Una obra en tres actos y con música

‘No daré hijos, daré versos’ está dividida en tres actos, tres puntos de vista y tres lenguajes diferentes, con diferentes estilos y géneros, “un acontecimiento artístico más que un espacio para una biografía”, señala Marianella Morena, quien afirma que la obra está concebida como “una invitación también al propio espectador para que pueda desarrollar y activar su propia mirada”.

Los tres actos discurren en diferentes tiempos, pero el hilo conductor es Delmira Agustini. El primero muestra una situación más intimista en la que se multiplican Dalmira y Reyes, su marido y asesino; el segundo acto es un juego dentro de otro juego, la idea de representar la época histórica y a la familia Agustini, en la que hay muchos guiños actorales y mucho humor; el tercer acto es contemporáneo y presenta una subasta que se realiza en Montevideo de objetos que pertenecieron a la poeta y a la familia, en la que seis personajes se quedan con algunos objetos de la subasta.

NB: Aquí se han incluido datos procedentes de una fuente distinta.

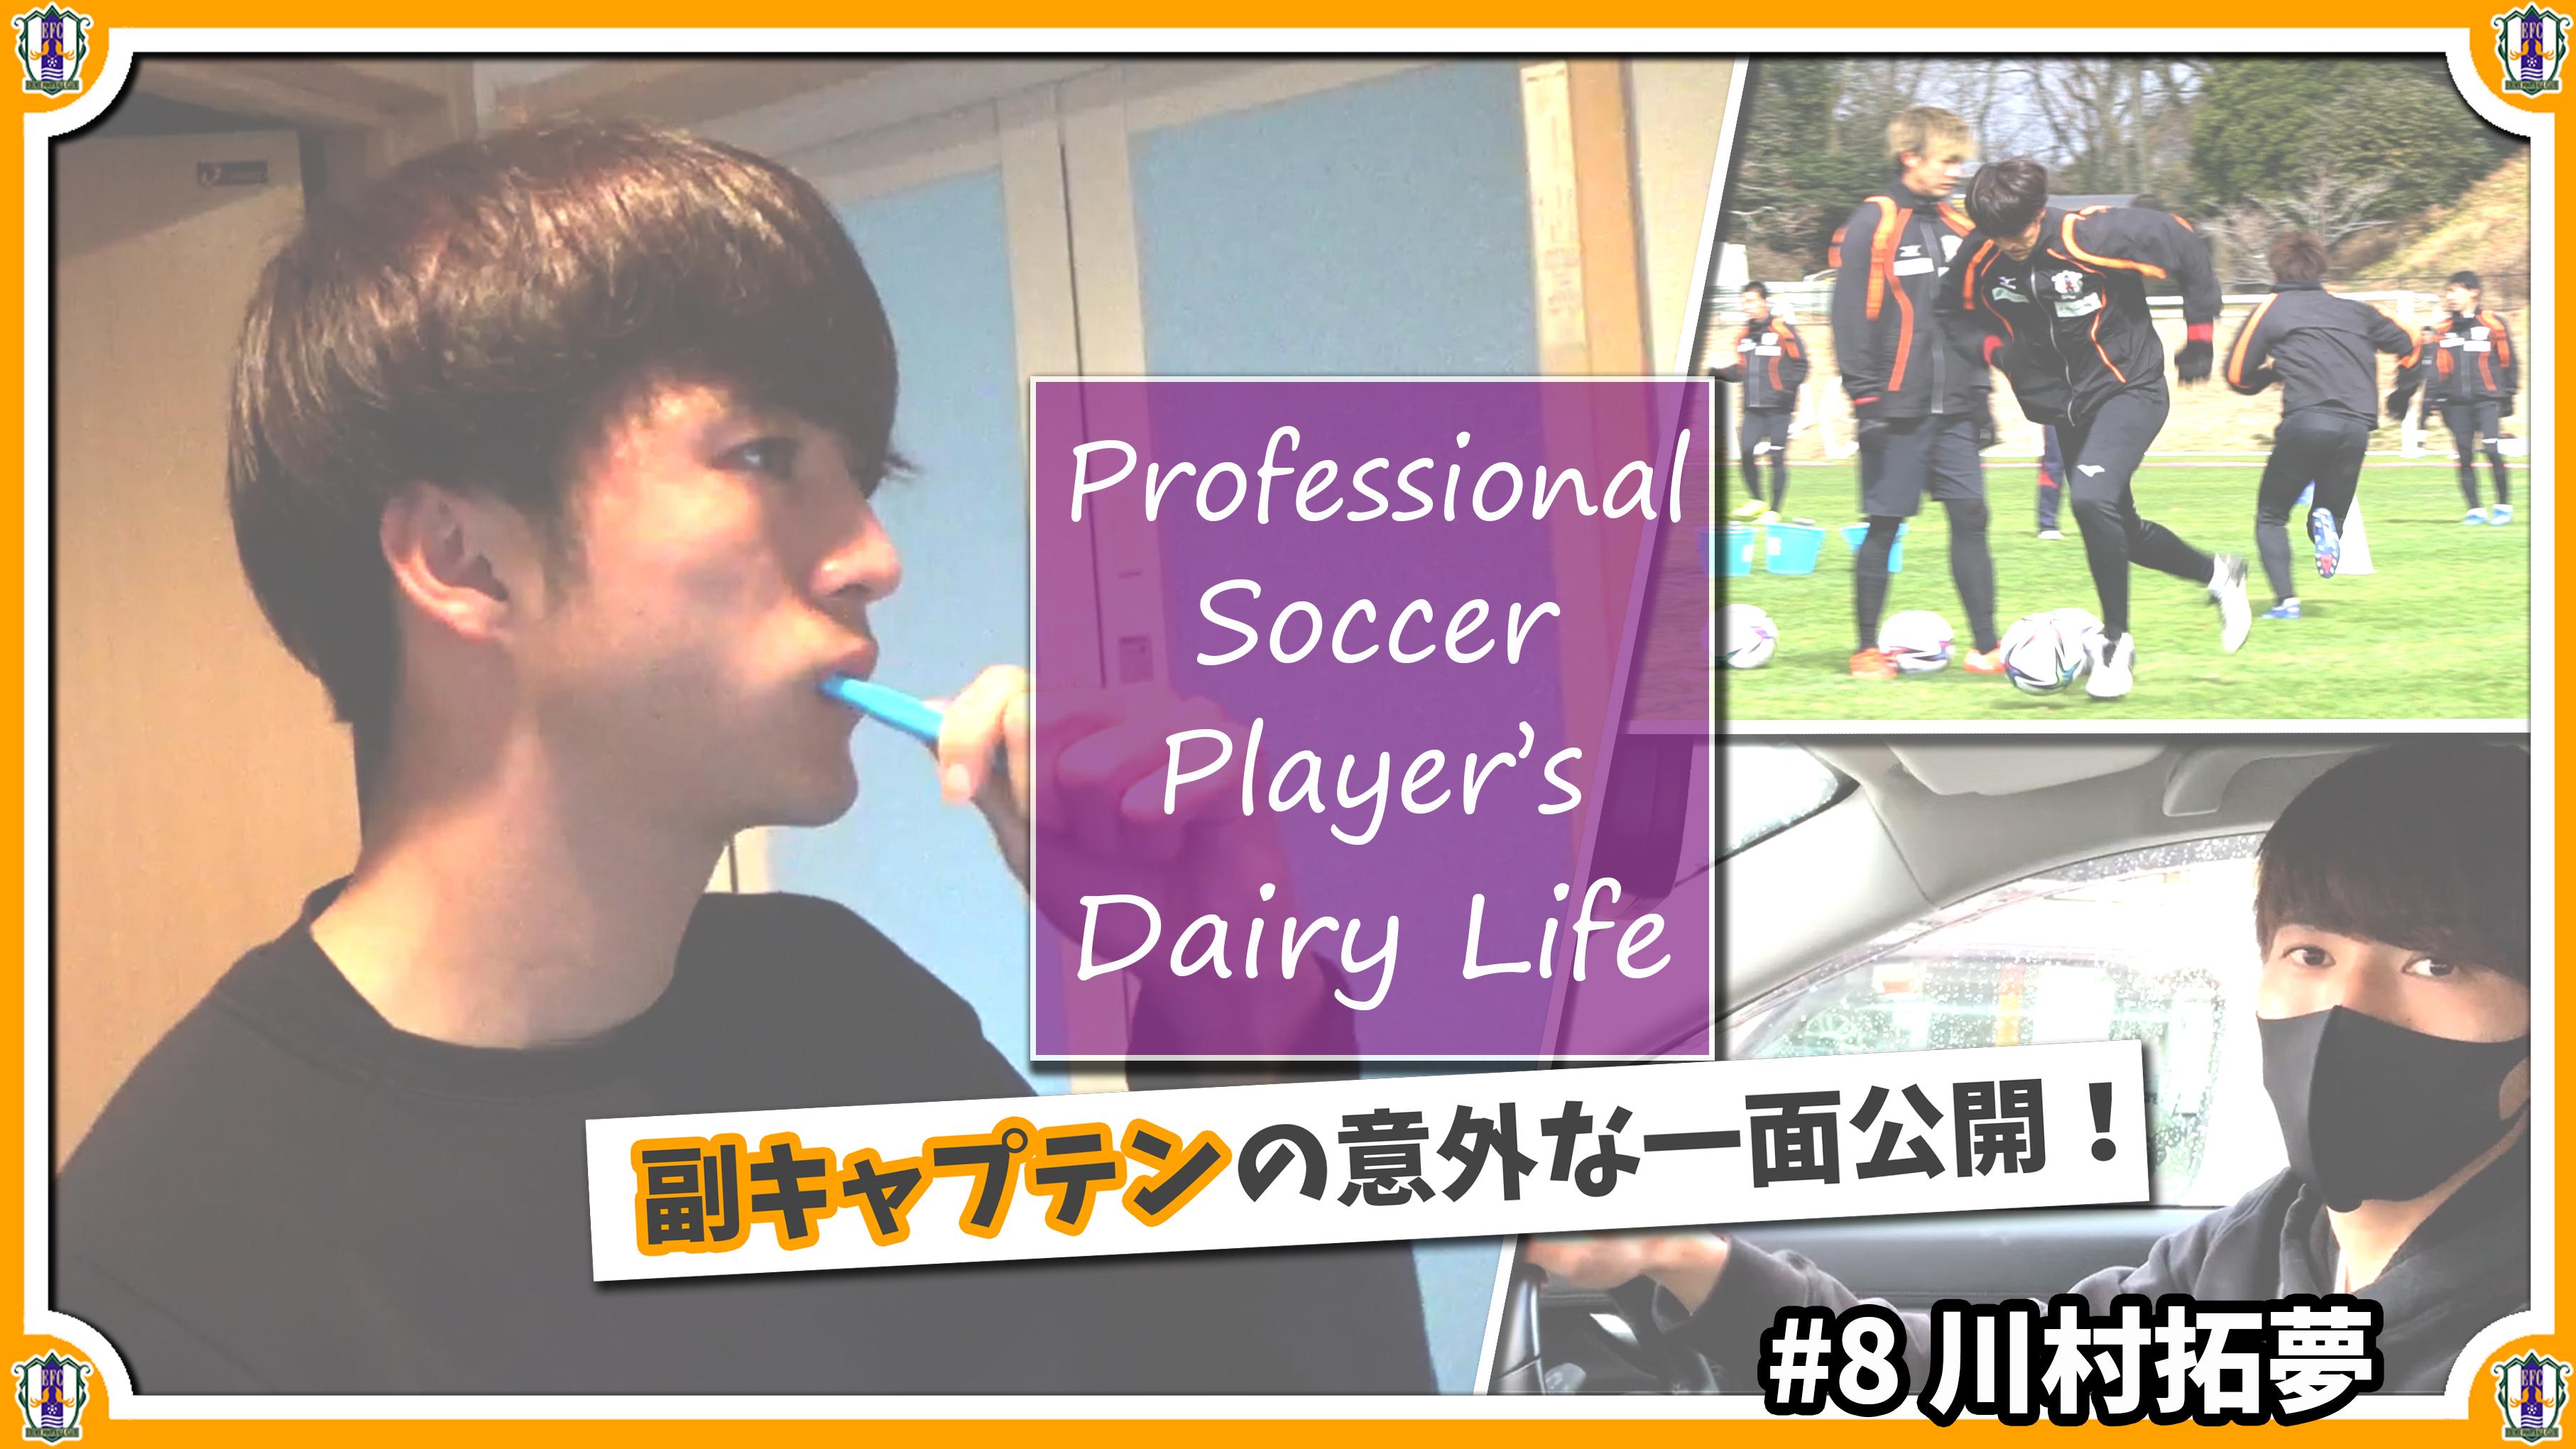 【Vlog】独り身イケメン川村拓夢~Professional Soccer Player's Dairy Life ~ 明治安田生命Jリーグ開幕!
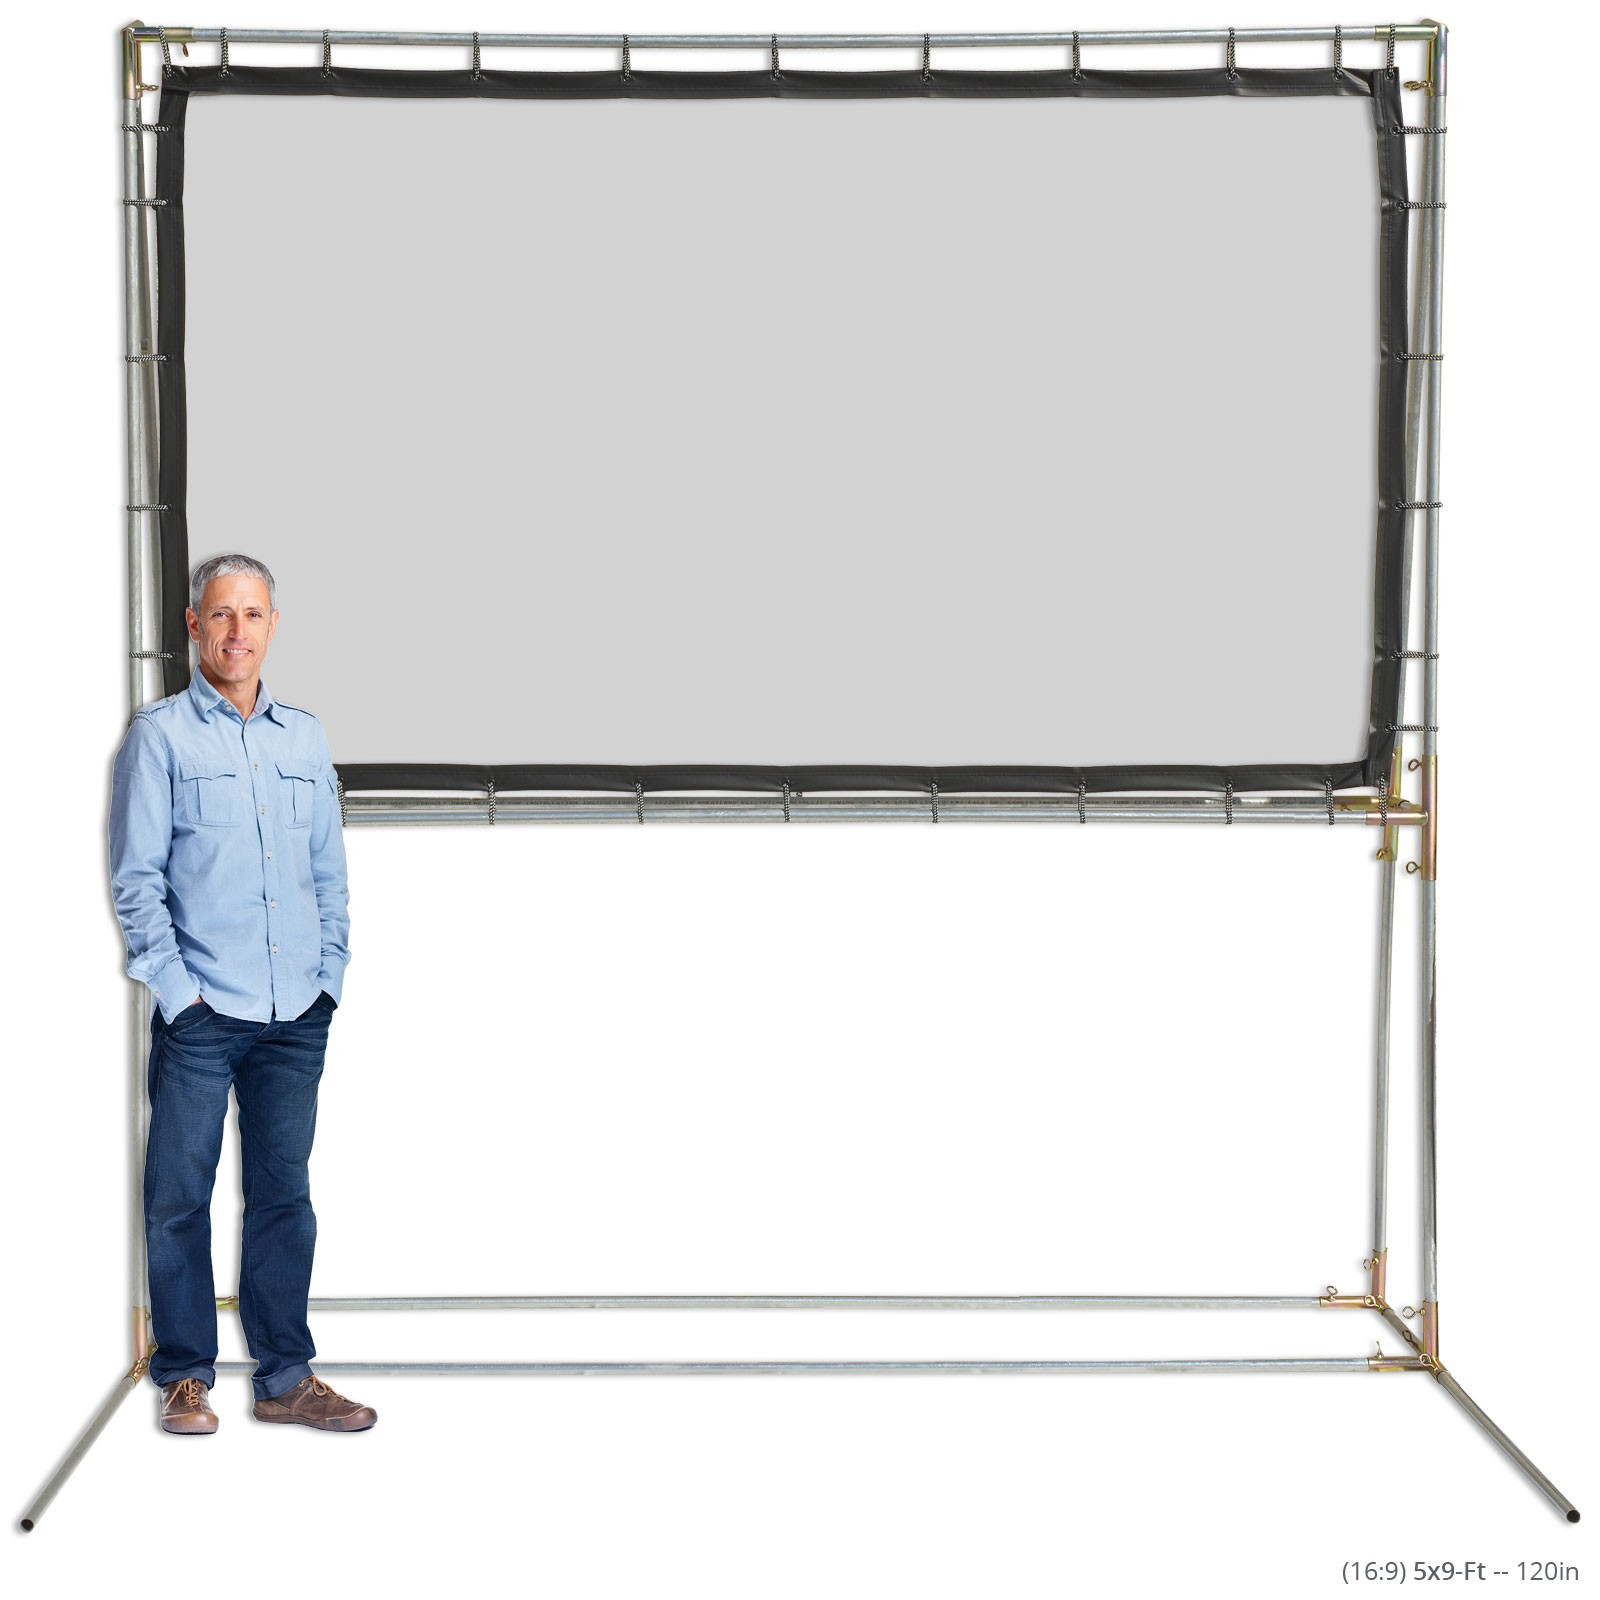 DIY Outdoor Movie Screen Material  Freestanding Movie Screen Kits Outdoor Projection Screens

El espectáculo tiene varios atractivos, el musical es uno de ellos. Los seis actores (tres hombres y tres mujeres) cantan, pero la música aparece de una forma muy natural, “no se detiene la escena para cantar, sino a través de la palabra”. Para ello, Morena ha trabajado la traducción de la poesía en el escenario, “trabajé la métrica y el rimo porque eran una obsesión en ella, que también era músico”.

Desde que se estrenó ‘No daré hijos, daré versos’ en el teatro Solís de Montevideo en el 2014 la obra se ha representado en numerosas ocasiones, desde el 2015 está de gira y ésta es la tercera vez que visita España, ya estuvo en EEUU, Brasil, Argentina y Ecuador. Continuará de gira en el 2017.